First, Pitocin is not always a bad thing. True, it is grossly overused today (I love it when a mother comes on to my unit and gives birth with nary a whiff of the stuff...and I love teasing the residents..."Look...she had a baby without Pit! Who'd a thunk it!"). But there are times when a little Pitocin can be helpful; when you've received an early epidural and things have slowed down...the longer an epidural is in place, the more likely you are to develop a fever during labor, leading to a septic work up and antibiotics for both you and baby. Of course, the way to help avoid this is either not to get an epidural at all, or to wait until labor is well established before getting one...but not all mothers want to do this...especially if they've had a long prodromal labor and desperately want some sleep. If labor has stalled, Pitocin can in all likelihood get it going again...potentially avoiding a c/section for "failure to progress". If your water has broken, and labor hasn't started after 24 hours...and you are at term, that clock, unfortunately, is ticking...loudly...and again, Pitocin can help avoid a c/section, and possibly infection from prolonged rupture of membranes. Although they are few and far between...but some mothers just don't go into labor on their own. There is rising suspicion that obesity plays a role in this, but I'm not aware of any definitive research on it yet...I imagine this could be difficult to research without placing part of the research population at some theoretical risk. For these mothers, why not try to induce before going directly to surgery? And of course, there are those mothers whose delivery, due to complications such as preeclampsia, must be expedited. Better, if there is time, to attempt to induce labor with Pitocin than to go straight to surgery.
Pitocin is the brand name for a synthetic form of the hormone oxytocin that your own body makes. That doesn't make it harmless...it's not "the same thing your body makes"...it's synthetic! Labor is a delicate balance between your hormones and the baby's, and we really don't know what truly triggers it. It may be different for each mother-baby pair, depending on the chemical balance of hormones in each. The use of Pitocin doesn't mimic the action of natural oxytocin, and I don't care how adamantly anyone insists it does. Contractions induced by Pitocin, are, by the very fact that we can control how much of it you are getting, and our goal is to get you to contract every two minutes (or at least often enough to consistently change your cervix, which will be often be "checked" as much as every two hours), usually "longer, stronger, and closer together" than what often will happen if you are laboring under the oxytocin that your body makes. Your uterus has "oxytocin receptors" on it. It is these receptors that act as the "lock" the oxytocin "key" turns to stimulate labor. Without these microscopic receptors, all the Pitocin in the world will not make your uterus contract. The number of these receptors increases during pregnancy, and during labor, when they multiply dramatically as labor progresses; thus, you become more sensitive to the action of oxytocin as your pregnancy, and then your labor, progresses; but there is a finite number of these receptors...and when they have all been used, they are saturated...and until your body makes more receptors, no amount of exogenous (outside the body) or endogenous (made inside the body) oxytocin is going to effect your uterus. There are even times when we "rest" a woman who is getting Pitocin...i.e., she has been laboring under the influence of the drug for a long time, we've steadily increased the dose, and labor has either not progressed, or is slowing down. We'll stop the Pitocin for a half hour or more, and start it up later, and at a smaller dose...and quite often, labor kicks in and takes off! Her body has had time to absorb the exogenous oxytocin, and synthesize new receptors.

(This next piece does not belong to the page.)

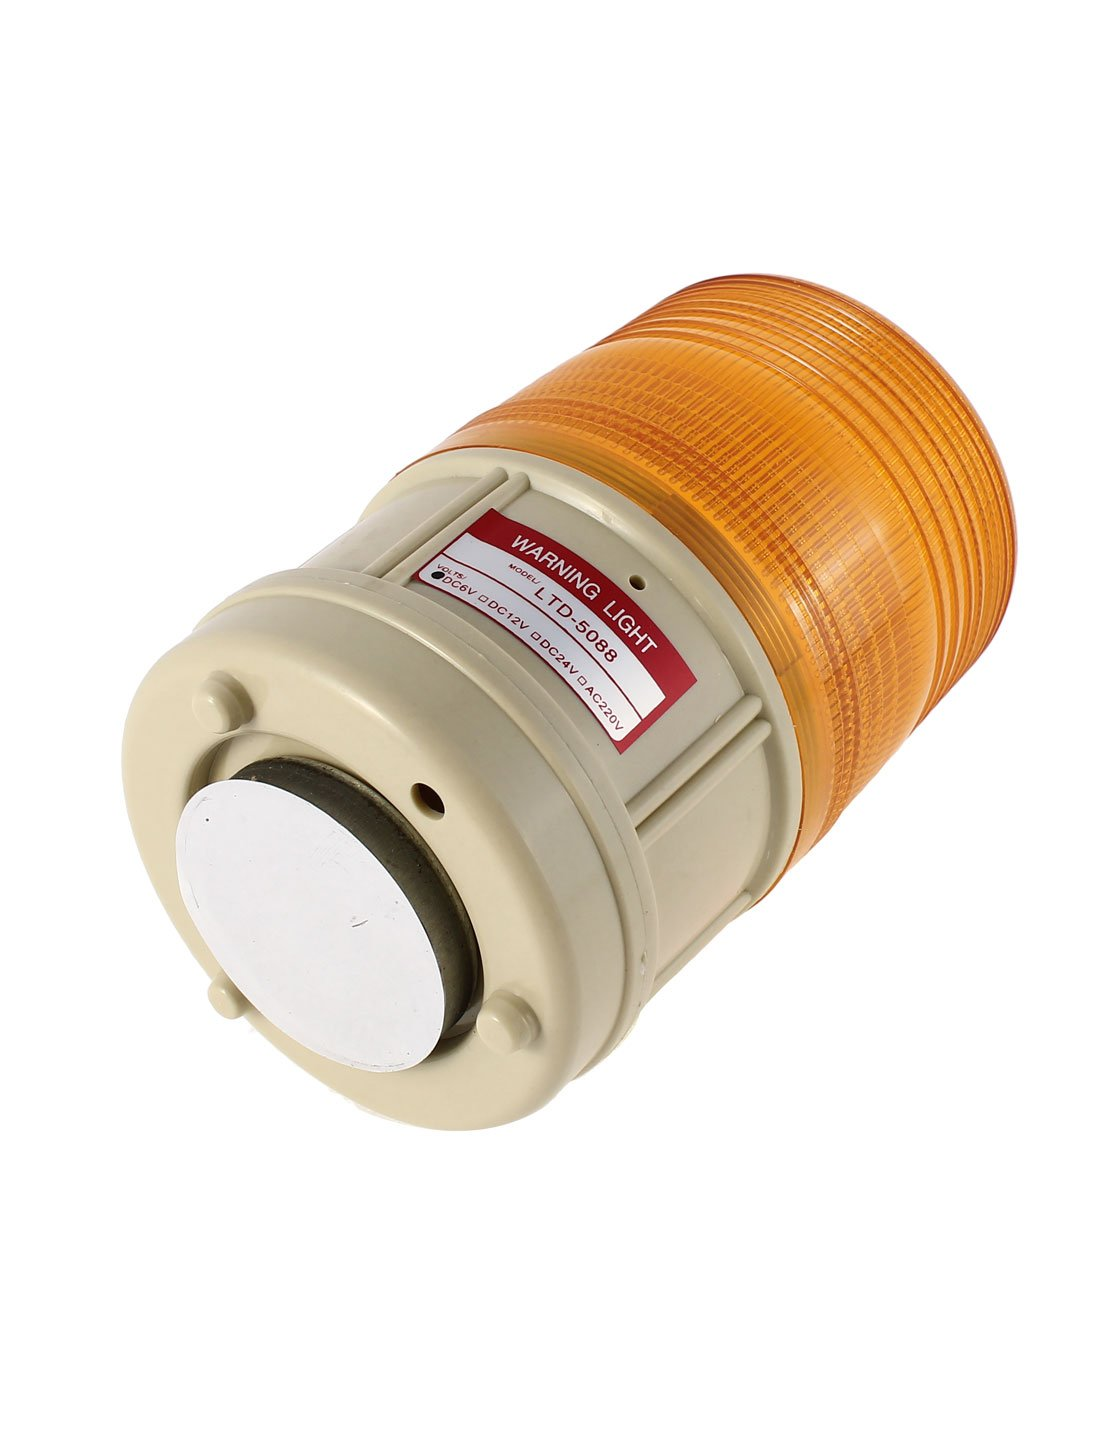 Gelb de magnetisch Industrial DC6 V-Notfall-Warnleuchte
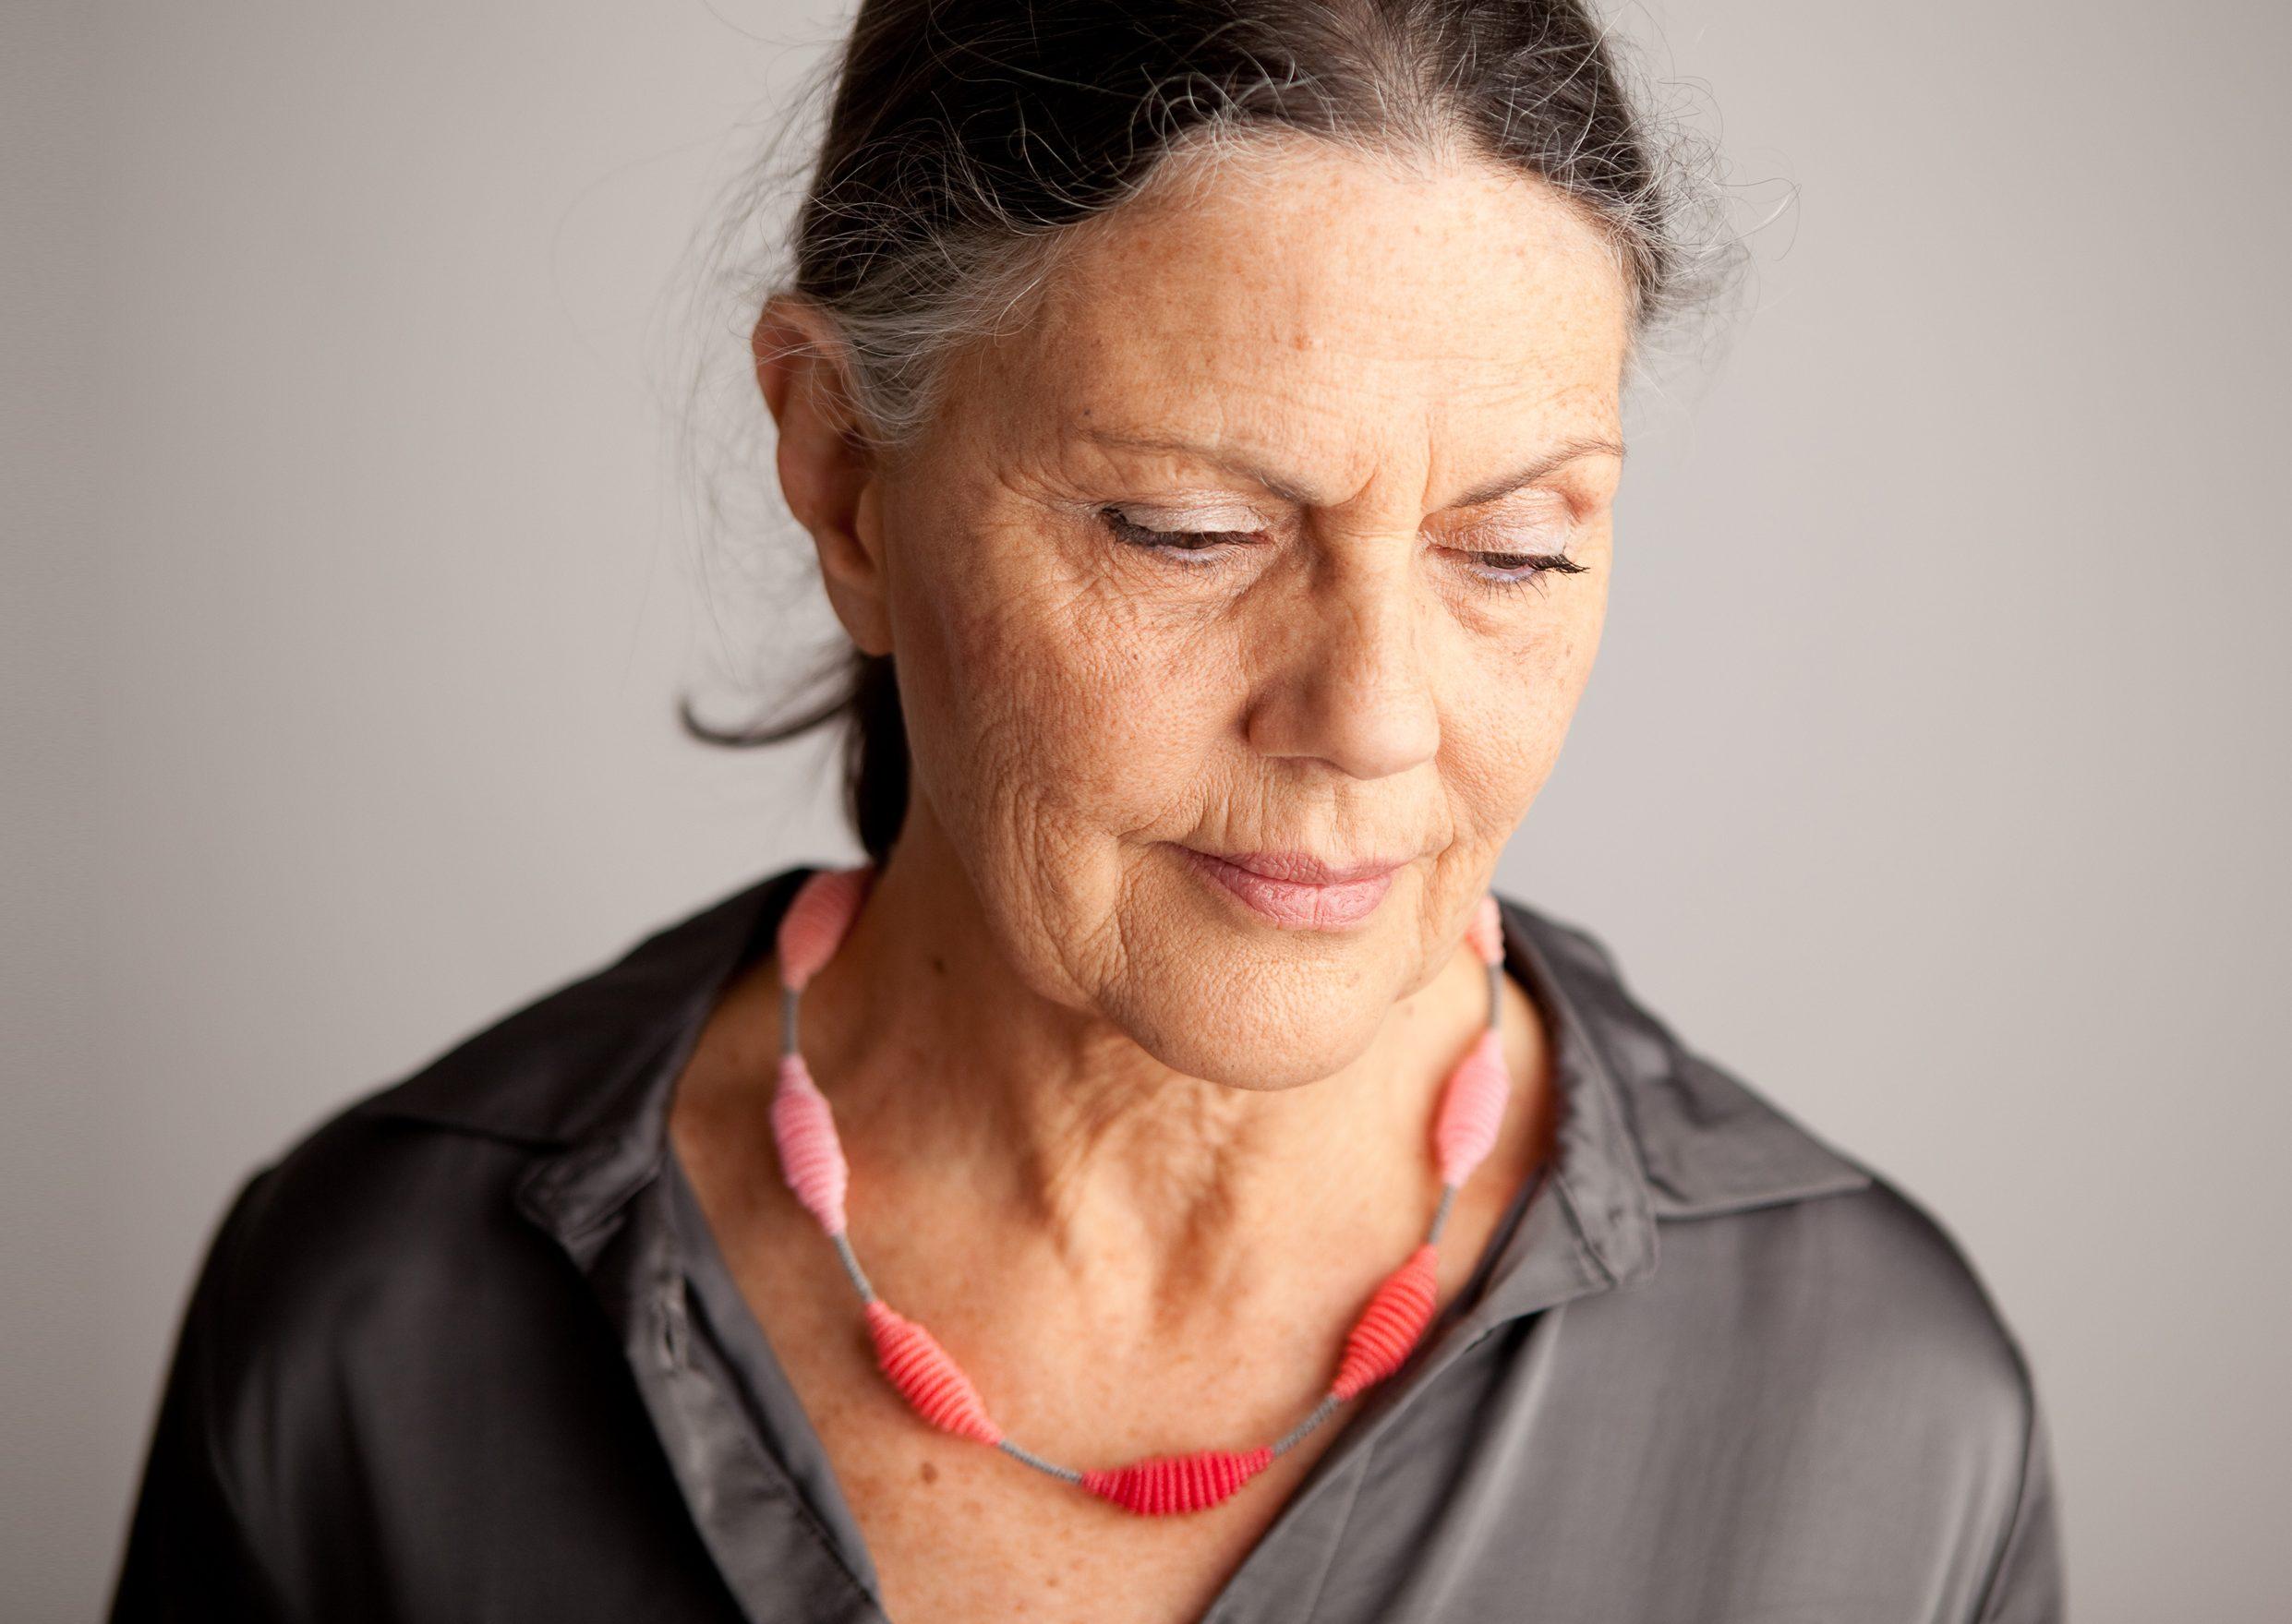 Anke Hennig, Linea I, halssieraad. Foto met dank aan Anke Hennig©

Do medical personnel ever "sneak" Pitocin into a woman's IV drip? I suppose it could happen, but it would be gross malpractice. Even with Obstetrics being as egocentric as it can be, this still is something that most obstetricians would be loathe to do. In addition, on most L&D units, the drug comes pre mixed from a centralized pharmacy in a bag that is separate from any other IV fluids; that bag is clearly marked, usually with a bright red, orange, or yellow label. Kind of hard to miss, even for a preoccupied laboring woman. If you have an IV, and are in first stage labor (prior to the birth of the baby), count the number of bags that are hanging on the IV pole. If there is only one, you are not getting Pitocin. During first stage, Pitocin is always...always hung separately from a bag of "maintenance" IV fluids; and it is always run along with those fluids...it is never given alone during first stage labor; so even if the Pitocin is mixed on the unit, and not appropriately labeled (which would be a grieivous error on the part of the nurse), if there is only one bag hanging, it had better not be Pitocin!
Here's how Pitocin is commonly administered:
For first stage labor, Pitocin is always diluted in a liter (about a quart) of normal saline. The most common concentration of it is 20 milliunits to a liter of solution. The drug itself, before it is diluted, is sold in vials that contain 10 milliunits of the drug. These 10 milliunits equal a total fluid volume of 1 milliliter. To give you an idea of how tiny a volume that is, an ounce of fluid is equal to 30 milliliters so the standard concentration of Pitocin is two 1ml (milliliter) vials of 10mu (milliunits) each into a liter (1,000 milliliters) of fluid. This should also give you an idea of just how powerful a drug Pitocin is...by fluid volume, there are only 2ml active agent to 1,000 ml normal saline in the bag of fluid that will be labeled "Pitocin"...a very, very dilute concentration, but oh, so powerful.
Pitocin for labor is always run along side another bag of "maintenance" IV fluid. An IV will be started with maintenance fluid...usually Lactated Ringers or Normal Saline. The "drip rate" of that fluid will be adjusted to approximately 125 ml an hour...so, without any boluses (administration of a large amount of fluid in a short amount of time), the 1000 ml bag of maintenance fluid should take about 8 hours to fully infuse. Considering that, "normal" (not optimal, in my not-so-humble opinion) obstetric management restricts oral fluids in laboring women, this isn't an over abundance of fluid...a liter of fluid a day is the minimum amount of fluid most nutritionists recommend to promote normal healthy hydration. The caveat here is that, if you choose an epidural, you will get at least a liter of fluid in addition to this "maintenance" fluid...to help prevent or minimize the drop in blood pressure that is the most common side effect of an epidural. If the baby shows any kind of distress you will get additional boluses of fluid, to promote blood flow to, and enhance oxygenation of the placenta. Since the use of Pitocin or other induction agents can overstimulate (hyperstimulate) the uterus and contribute to, if not outright cause fetal distress, this should give you pause. Of course, if your baby is in distress, the Pitocin should immediately be shut off! Finally, a lot of hospitals hang maintenance IV fluids for healthy laboring women to "gravity", meaning that the amount of fluid being infused is not being metered through an IV pump. The thinking is that a young, healthy woman can handle a lot of fluid, so there is no need for the pump. This is not the case if any type of heart, lung, kidney or circulatory disease (including preeclampsia) is evident...in such cases, fluid will be very carefully monitored, and metered out through an IV pump; but for the average laboring woman, the rate of this "gravity" IV can change depending on her movements, and that liter of fluid can be infused much faster than intended.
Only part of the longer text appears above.